Паула принялась рыться в сумке, то есть наклонила голову, чтобы спрятать от меня глаза.
— Женщина? — спросила она.
— Да.
— Из числа твоих жильцов?
— Да.
Паула улыбнулась, отложила сумку и спросила, не найдется ли у меня сигареты. Я ответил «нет».
— По-прежнему не куришь?
— По-прежнему.
— Похвально.
— Потому и не курю.
Паула опять улыбнулась, сказала, что я не меняюсь, и мило попросила меня раздобыть для нее сигарету. Я поднялся и подошел к группе ребят и девчонок моего возраста. Они расположились за ветроломом, усевшись так, что с помощью голов и ног образовывали круг, в центре которого лежал волейбольный мяч. Они слушали радио. Я нагнулся, взял сумку одной из девчонок, достал пачку «Кэмел» и вытащил сигарету.

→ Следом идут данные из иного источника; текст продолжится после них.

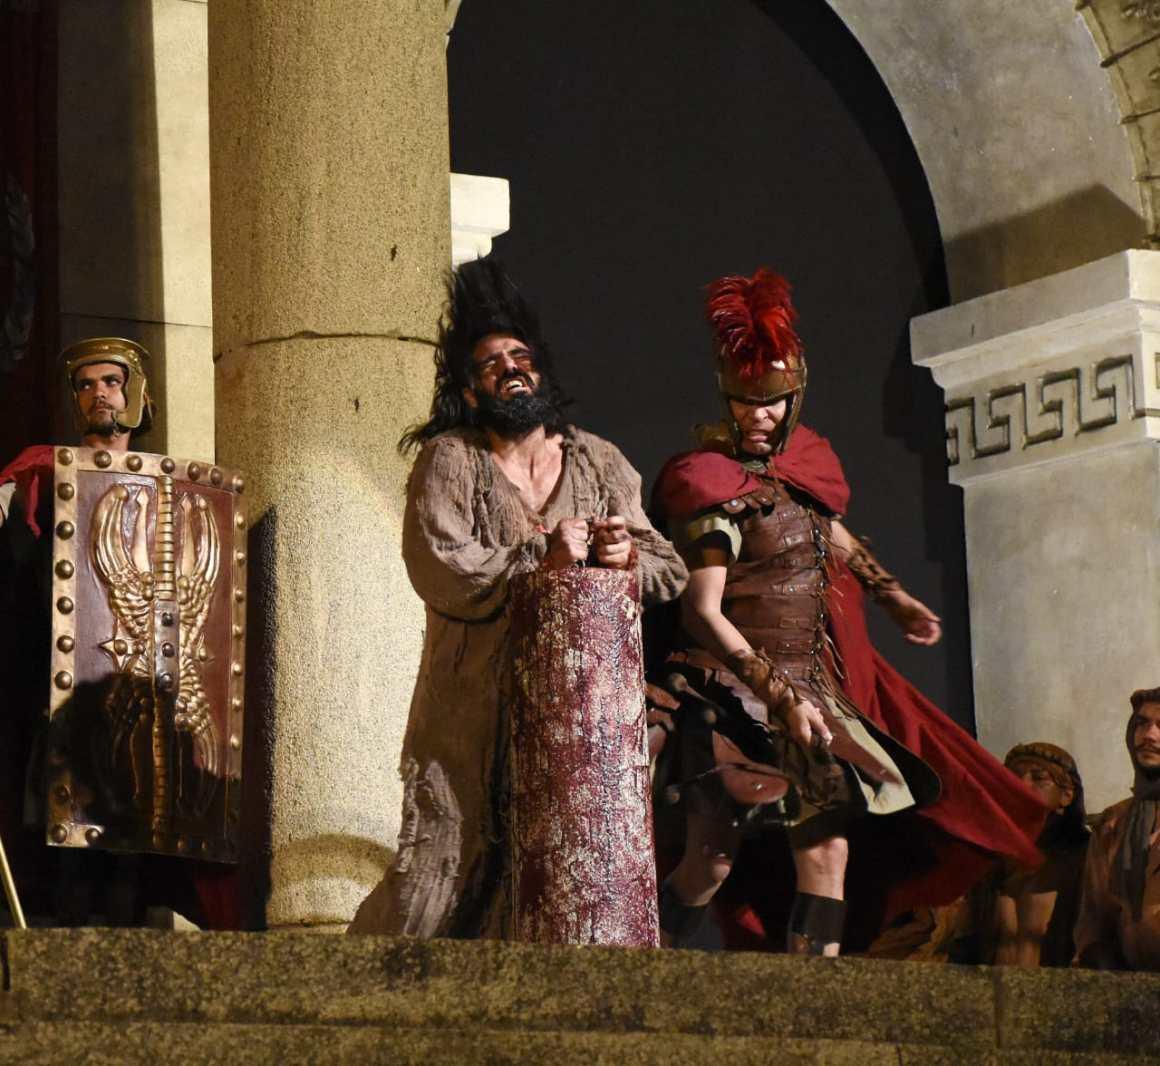 Espetáculo da Paixão de Cristo de Nova Jerusalém seja registrado como Patrimônio Imaterial Cultural do Brasil

Высокий блондин с ожогом от солнца на груди и серебряной цепочкой на шее смотрел на меня. Я улыбнулся ему.
У Паулы не было спичек. Я вернулся и попросил огонька у того самого высокого блондина. Я и не думал, что он согласится.
Но он согласился. И даже поднес мне зажженную спичку. Наклонившись, я узнал, что его зовут Филипп. Имя было выгравировано на цепочке.
На середине сигареты Паула предложила встретиться вечером у нее, сразу после того, как уснет Эльза, привыкшая ложиться в одиннадцать. Я ответил, что приду в назначенный час, и отправился в клуб. Как и накануне, играл в теннис с Анри.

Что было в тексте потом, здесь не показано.